В окружении Журдана появились первые раненые. Сам генерал, чувствуя, что проигранное сражение вот-вот может перерасти в общий разгром, – а он так рассчитывал на победу, учитывая свои превосходящие силы, стоявшие в обороне! – на мгновение растерялся, не зная, что приказать: отступать ли к реке или вводить в бой резервы.
– Австрийцев не остановить! – Если мы не удержим центр, они сбросят нас в реку! – Надо атаковать! – Как? Они смяли и пехоту и кавалерию… – смятение в штабе Журдана нарастало.
Все ждали решения командующего, который в волнении кусал губы, зная, что на второй приказ, если первый окажется неверным, может уже не остаться времени.
– Кавалерию – на фланги! Дивизию Лефевра – в центр! Мы удержим эти позиции и перегруппируемся с подходом резервов! – наконец приказал командующий.
– Генерал! – резко прервал его комиссар Конвента, все это время молча стоявший рядом с хмурым выражением на лице. – Мы уже не удержали левый фланг, не удержим и центр и погибнем в Самбре! Прикажите Лефевру помочь Марсо, а здесь мы справимся своими силами. Атакуем! Прикажите трубить встречную атаку!
И, не дожидаясь ответа растерянного Журдана, комиссар повернулся к окружавшим его офицерам:
– Сегодня французы не отступят! Бернадотт, Деренталь, Фриан, Жозе! Взять знамена! Офицеры, вперед!
Схватив полковое знамя, он сунул его в руки ошеломленного Деренталя. А затем, выхватив из ножен саблю, взмахнул ею и крикнул:
– Солдаты!
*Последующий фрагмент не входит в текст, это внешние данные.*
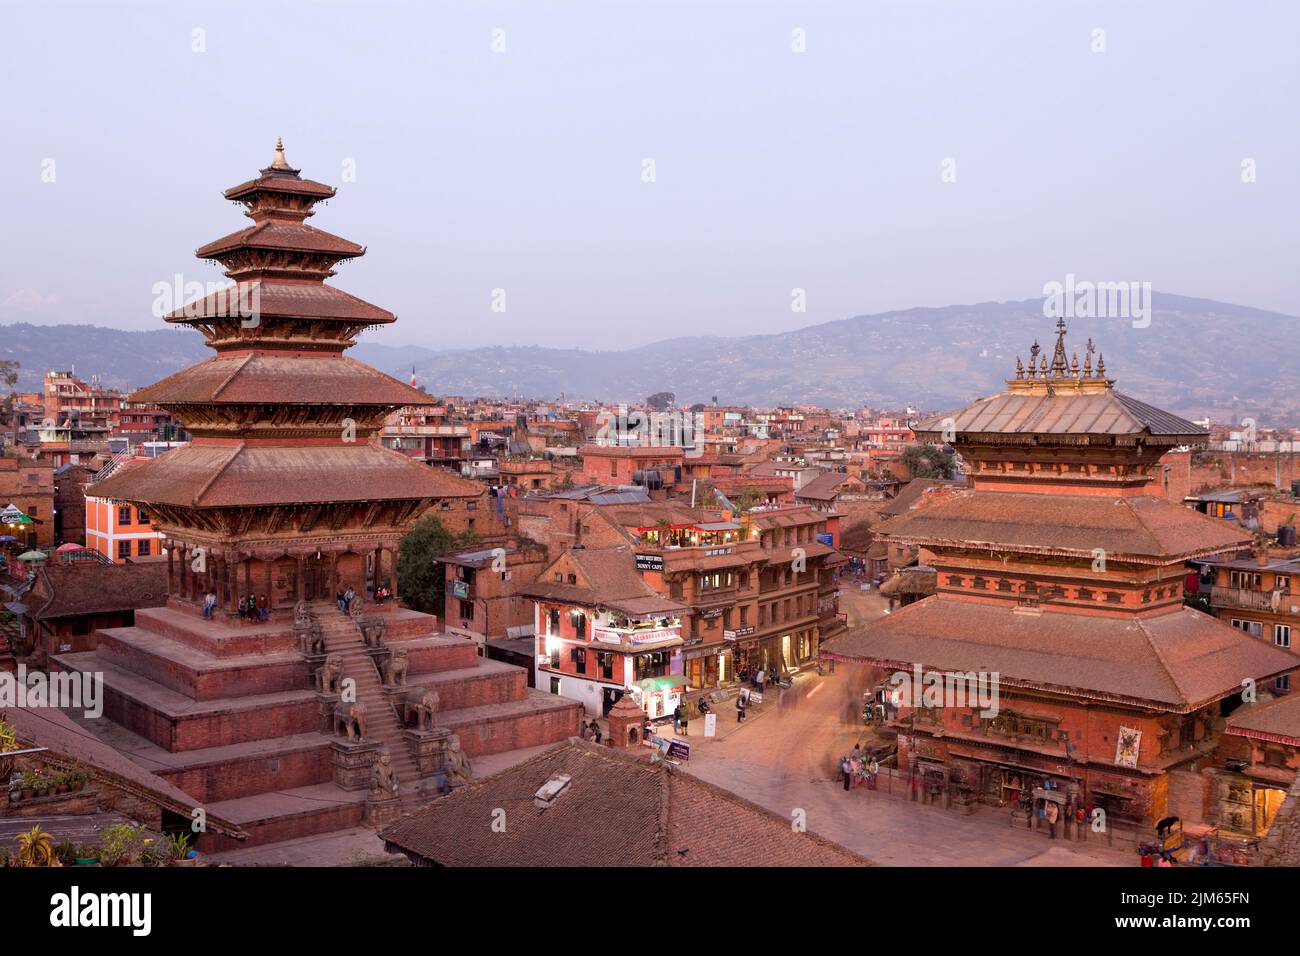 Bhaktapur, Nepal - 28 de octubre de 2012: Nyatapola Temple es una pagoda situada en la ciudad de Bhaktapur, Nepal. El templo es declarado Patrimonio de la Humanidad por la UNESCO. Foto de stock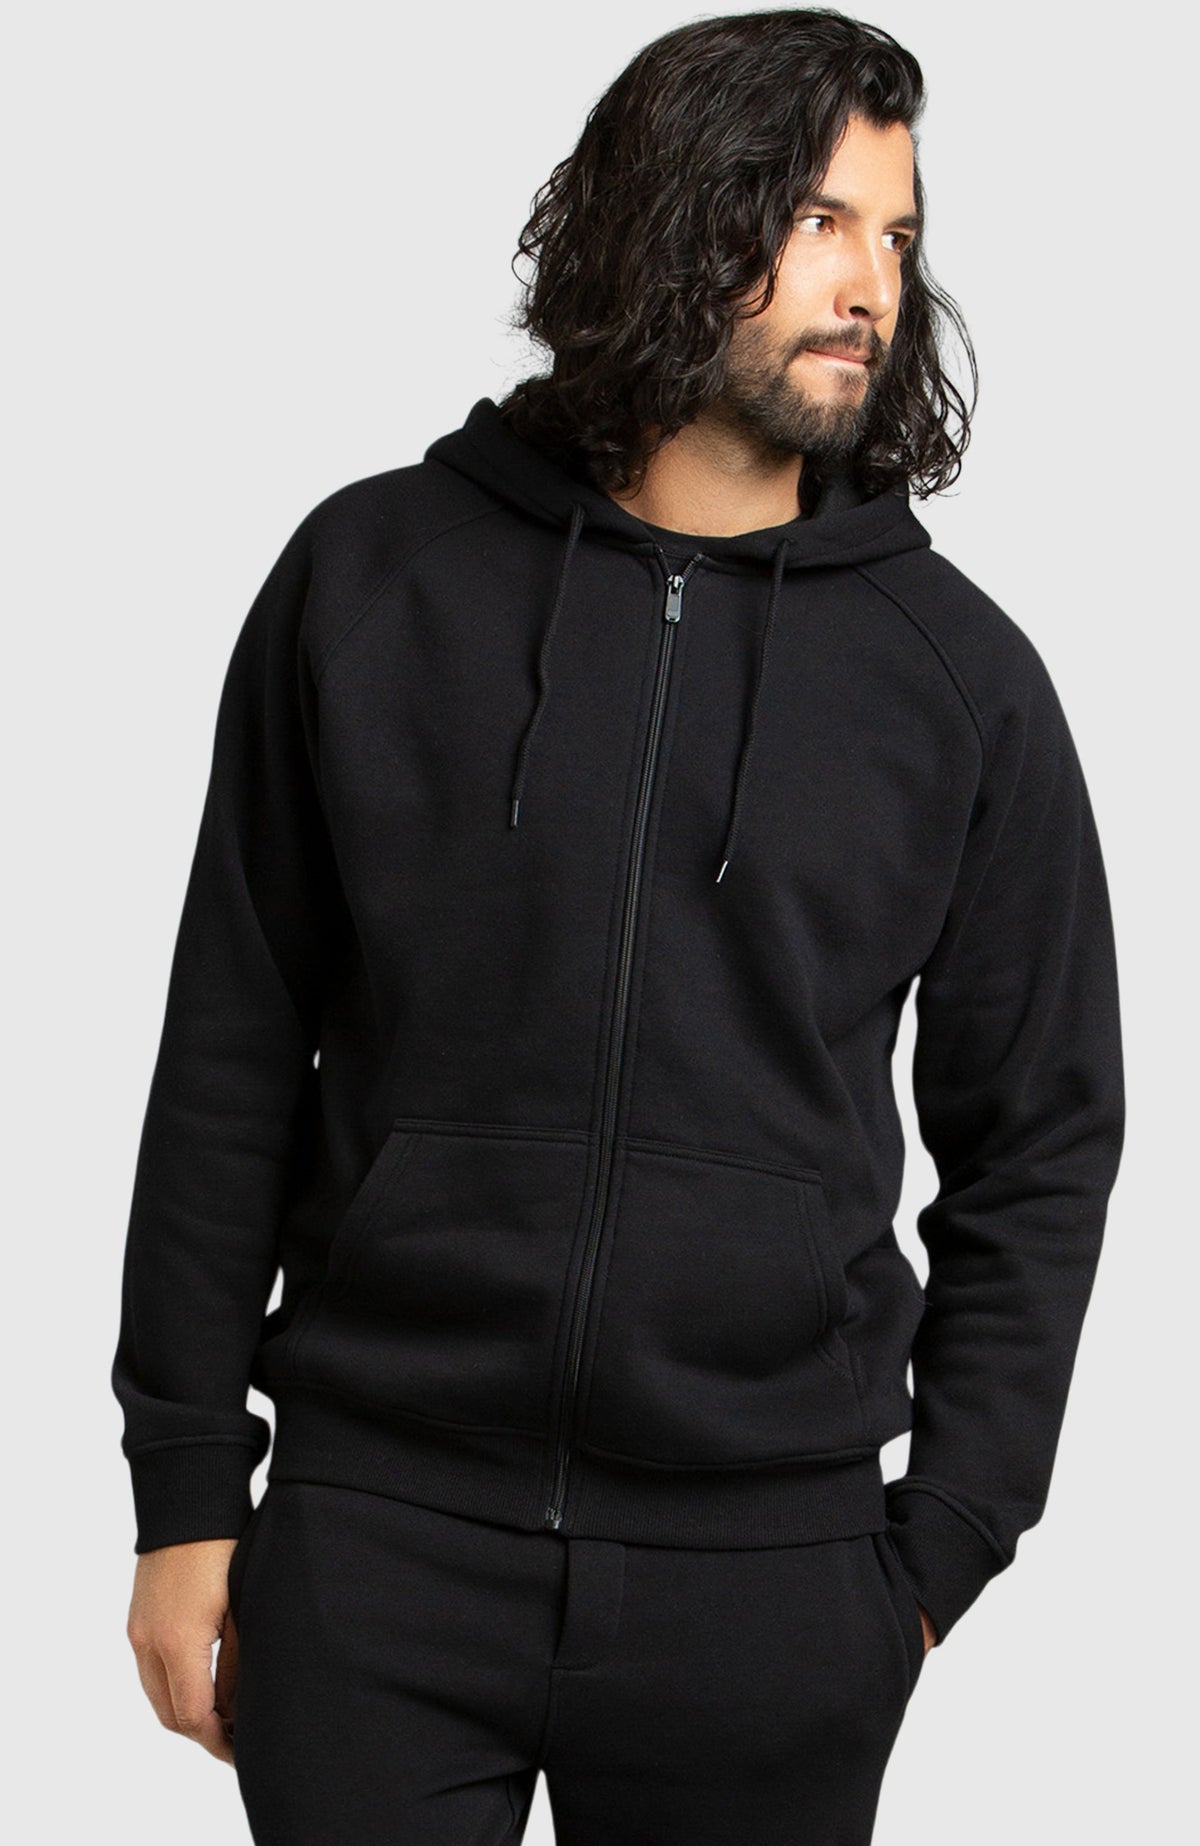 Buy H4X men loose fit fleece logo hoodie grey heather Online

Республиканцы! Французы не отступают! Вперед! За мной!
Уже идя рядом с комиссаром, Деренталь услышал, как этот боевой клич – «Французы не отступают!» – был подхвачен всеми слышавшими его солдатами, а затем неудержимо покатился по всей линии республиканских войск.
– Французы не отступают! – восторженно кричал Деренталь, и он видел, что комиссар кричит вместе со всеми. На один миг, обогнав уполномоченного и встретившись с ним глазами, лейтенант прочел во взгляде этого странного человека то, что думал: «Вперед, лейтенант! Вперед! За вашу Мадлен и за нашу Францию!» Деренталь еще заметил, что комиссар уже успел убрать саблю в ножны и шел в атаку безоружным. Но он был уже не первым – порыв одного человека увлек тысячи людей: их уже обгоняли шедшие в плотном строю батальонные колонны. Деренталь видел, что в атаку двинулся и весь штаб Журдана, сам командующий шел впереди всех с обнаженной саблей. Картечь и градом сыпавшиеся пули вырывали из колонн целые ряды бойцов, но это не останавливало наступавших, которые за минуты преодолели разделявшее их и противника пространство и с ходу ударили в штыки.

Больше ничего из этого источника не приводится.